I spent today at the Piper Jaffray and ChinaVenture Investment Conference in Shanghai. All the usual suspects were there: Shanda's CEO Tang Jun gave a good keynote; Sina.com's CFO spoke about how not much could touch a company like Sina.com since it was such a powerful media play; and Ctrip.com's CFO Jane Sun talked about the widening gap between her company and eLong in the Chinese Internet travel sector.
My biggest impression of the day was that good Chinese Internet statistics are so hard to come by: Sina's Yu spoke about the Internet taking 2-3% of the total advertising pie in China; Li Ya from Phoenix New Media quoted 5%; and other speakers and panelists during the day quoted 4%. It might be splitting hairs, but when talking about billions of dollars, a few percentage points — no matter how small — are important.

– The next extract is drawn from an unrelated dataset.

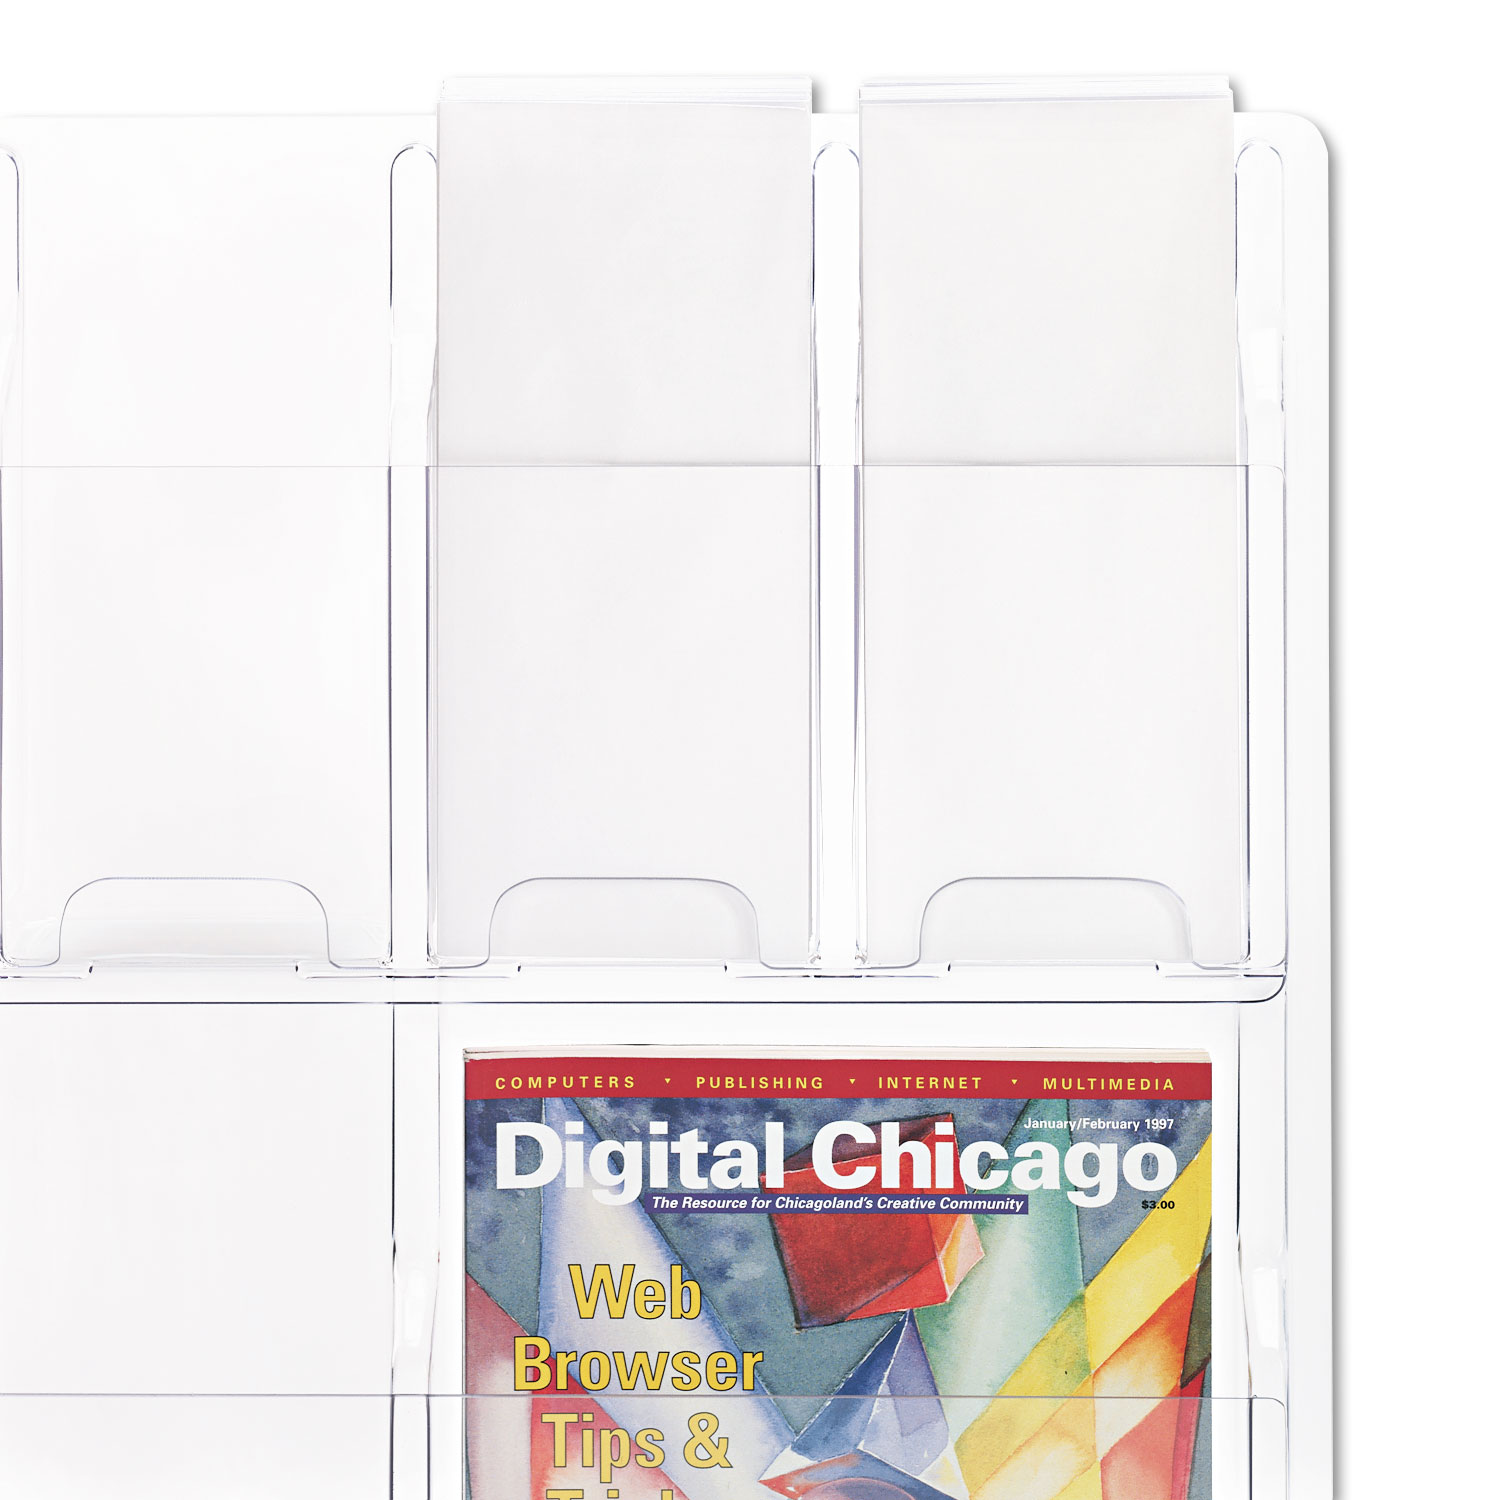 Reveal Clear Literature Displays, Nine Compartments, 30w x 2d x 22-1/2h, Clear
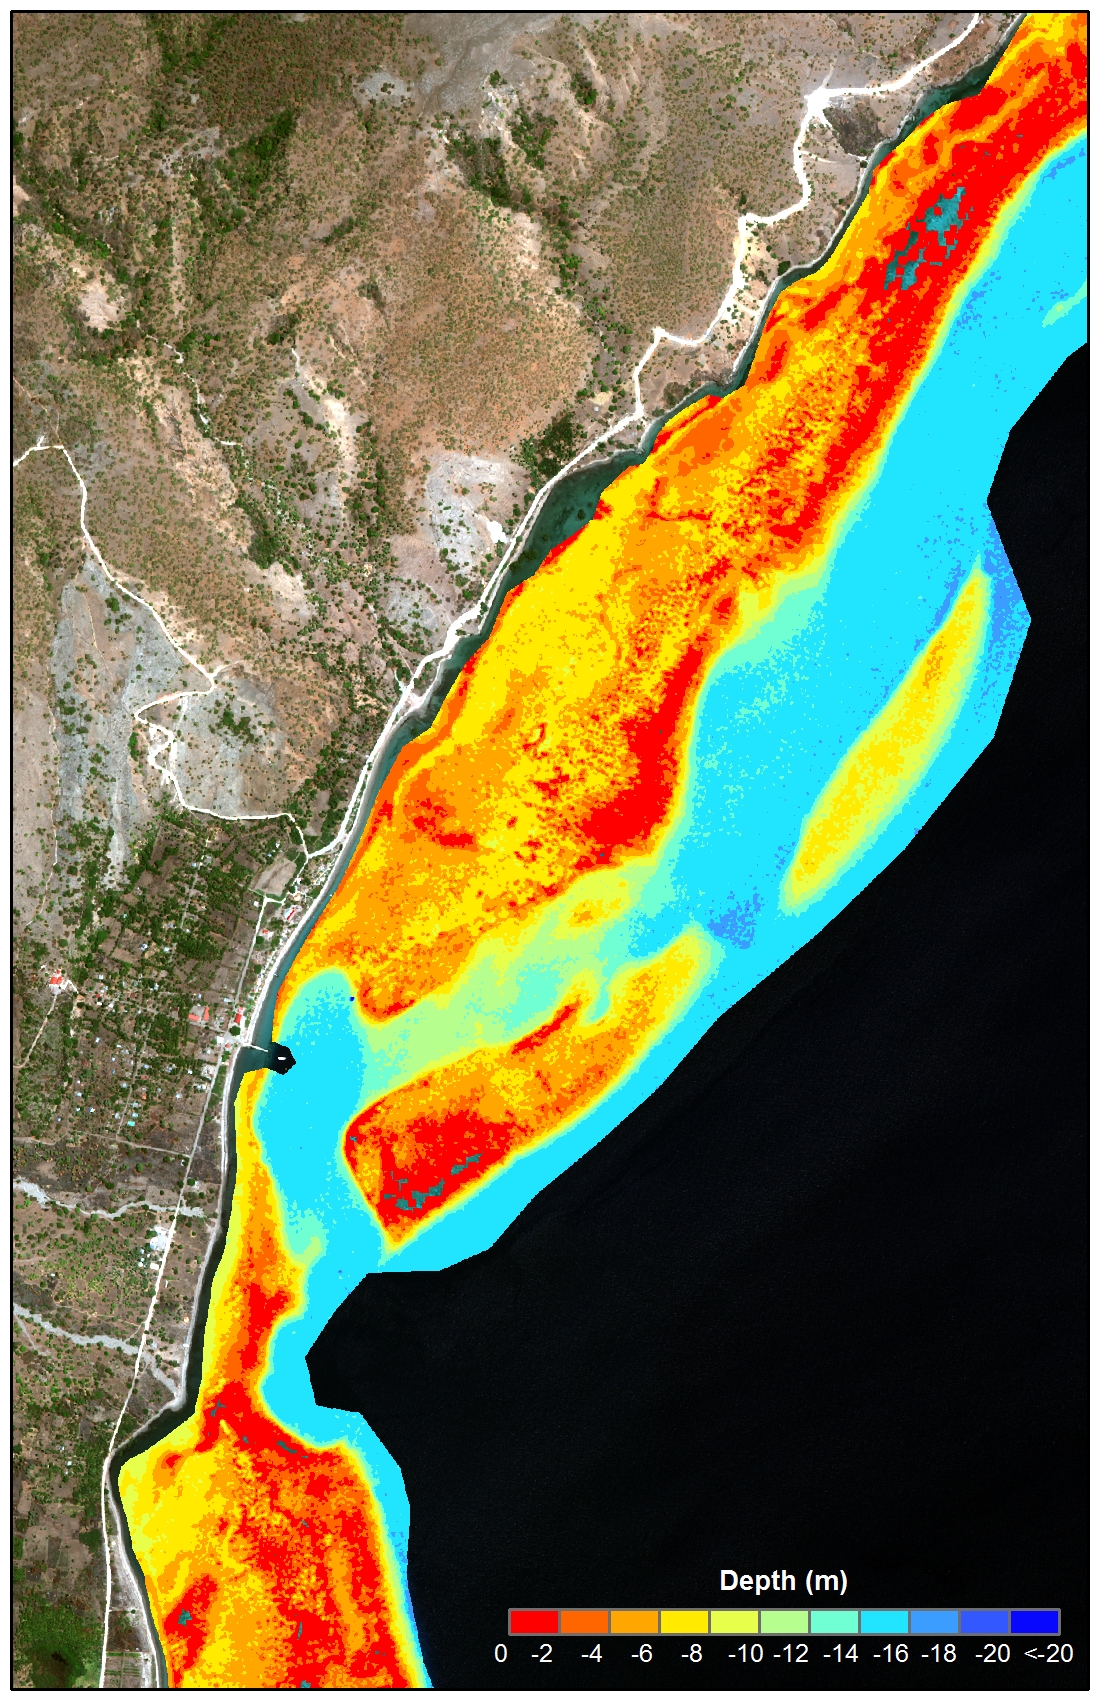 An example of the bathymetry data generated for Timor-Leste from WorldView-2 satellite imagery.

David Zhu, CEO of Focus Media's subsidiary Allyes, gave the biggest punch when he said Internet media publishers were "stupid" to sell advertising on a time basis rather than by impressions. For those of you outside China, you might not be aware that a very large percentage of advertising on Chinese portals and other websites is not sold by impression (though it still might be priced such) but rather for a specific time period. Why? Because advertisers are unsophisticated: if you put their ad in a rotation and they view the page once and don't see it, they get angry. So rather than selling ads on a pay-per-view model like they do in Europe and North America, most advertising in China appears to be sold by time period (I know that's what we do too 99% of the time). It is the rare client who wants ads sold on an impression basis, but that particular ad zone is taken by a client who paid for a solid day/week/month, so they either need to wait or be placed somewhere else on the page… which is one reason portals like Sina.com and Sohu.com are so full of flashing advertising.
One other note on China investments. I just received an email from Chris Cary, editor at Sharesleuth.com, who has posted a new article on a China-based company listed overseas. Sharesleuth is bankrolled by billionaire Dallas Mavericks basketball team owner Mark Cuban and the site focuses on very detailed research on listed companies in the attempt to find cheats. It's worth a read.